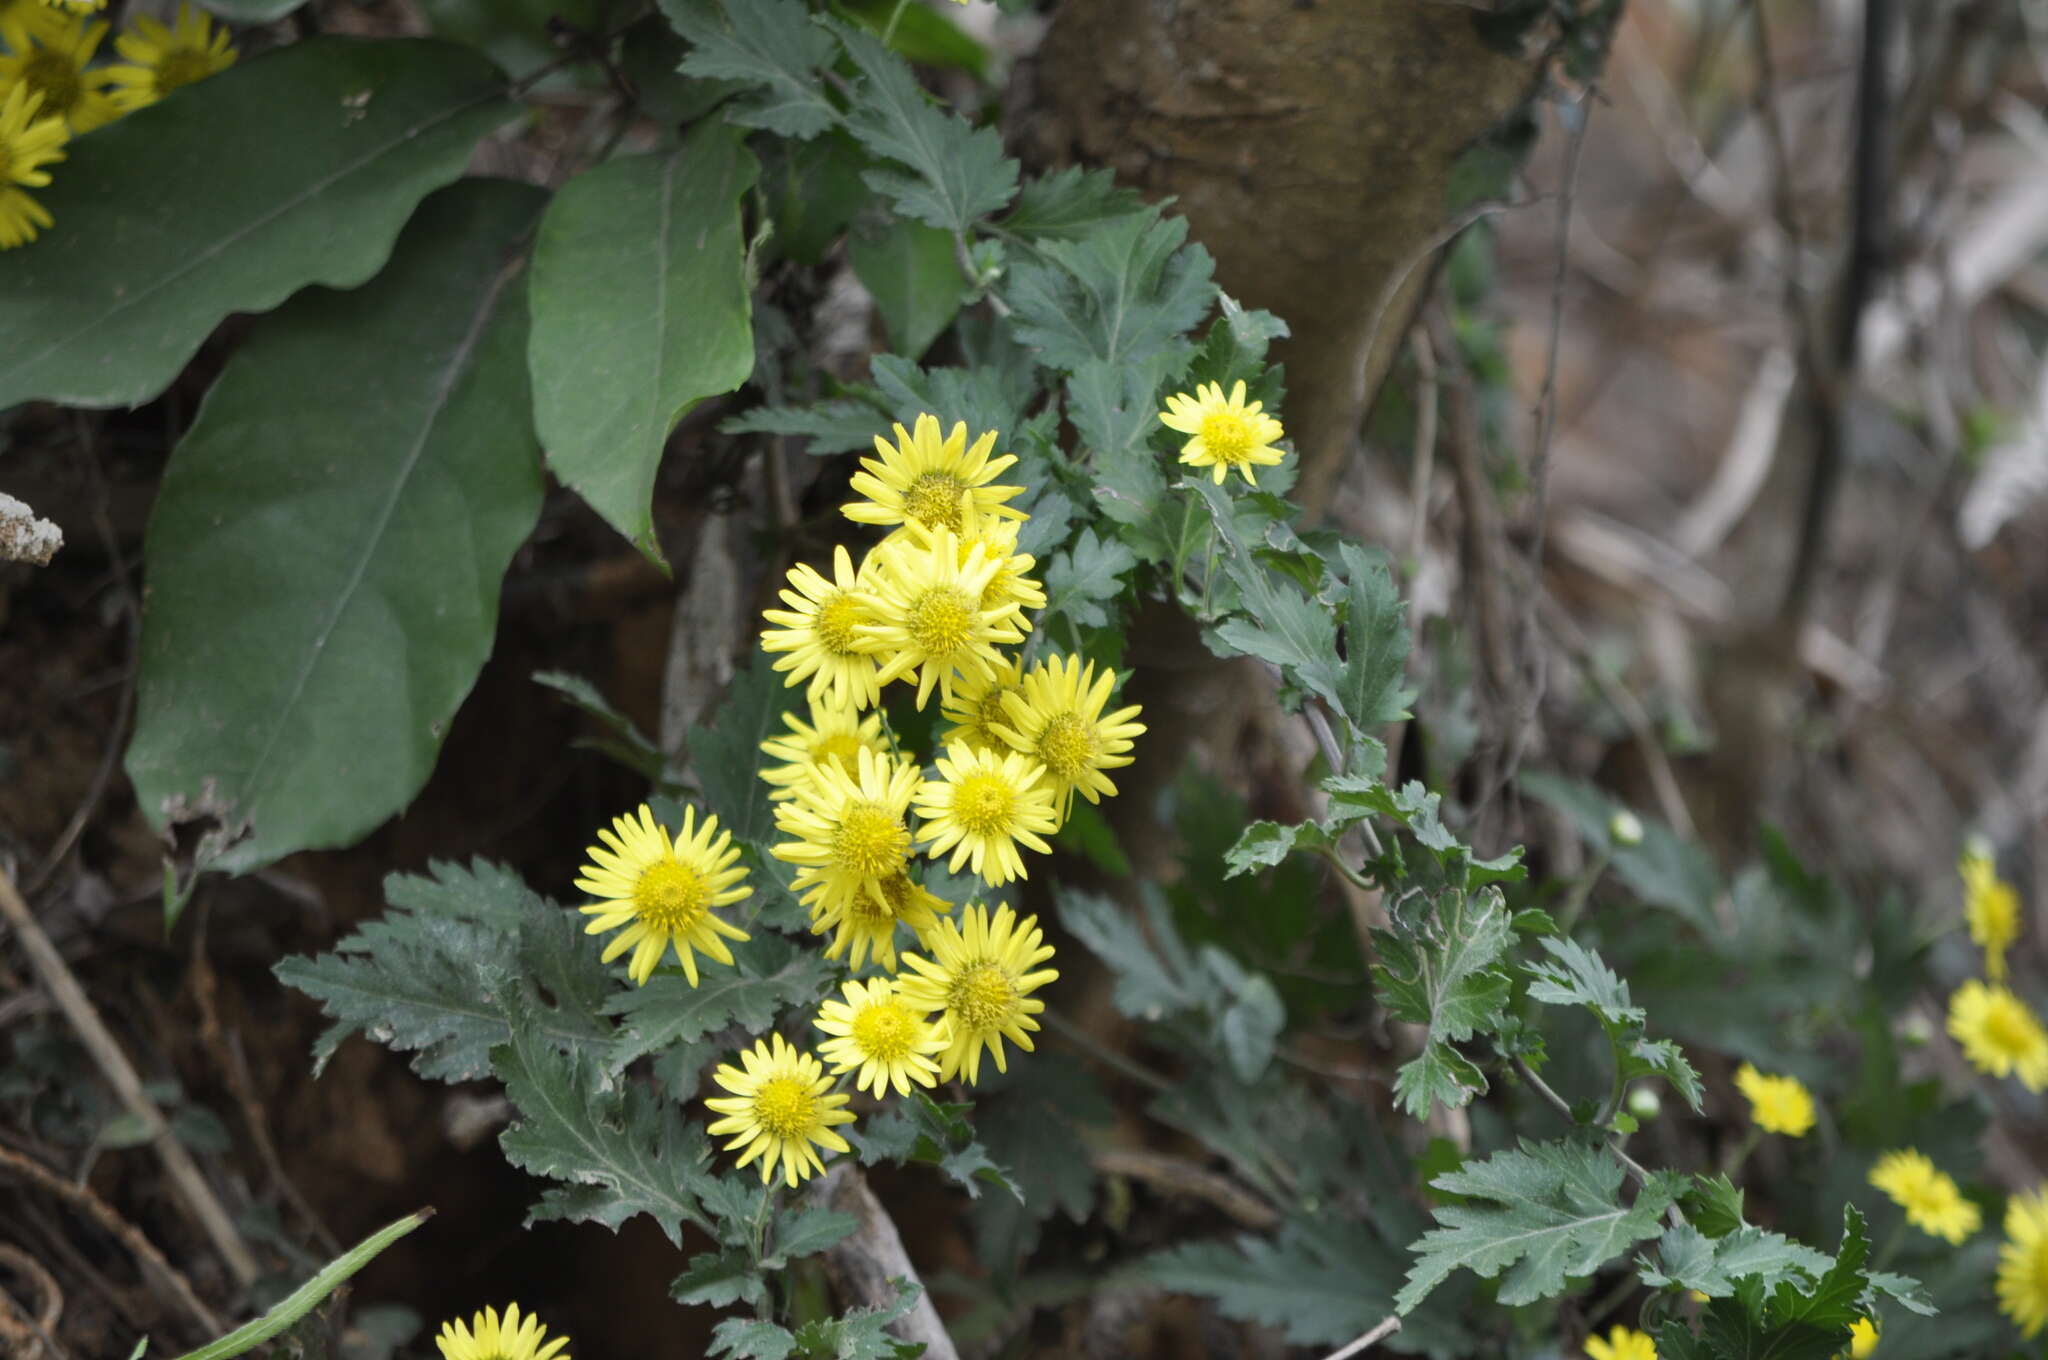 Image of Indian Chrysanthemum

::::::::

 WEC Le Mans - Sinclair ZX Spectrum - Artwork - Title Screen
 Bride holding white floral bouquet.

::::::::

AIM OF THE TASK
All lines above from the one holding "WEC Le Mans" to the one holding "Bride holding white floral bouquet.", inclusive, are to be copied exactly; no other line is wanted.

EXPECTED ANSWER
 WEC Le Mans - Sinclair ZX Spectrum - Artwork - Title Screen
 Bride holding white floral bouquet.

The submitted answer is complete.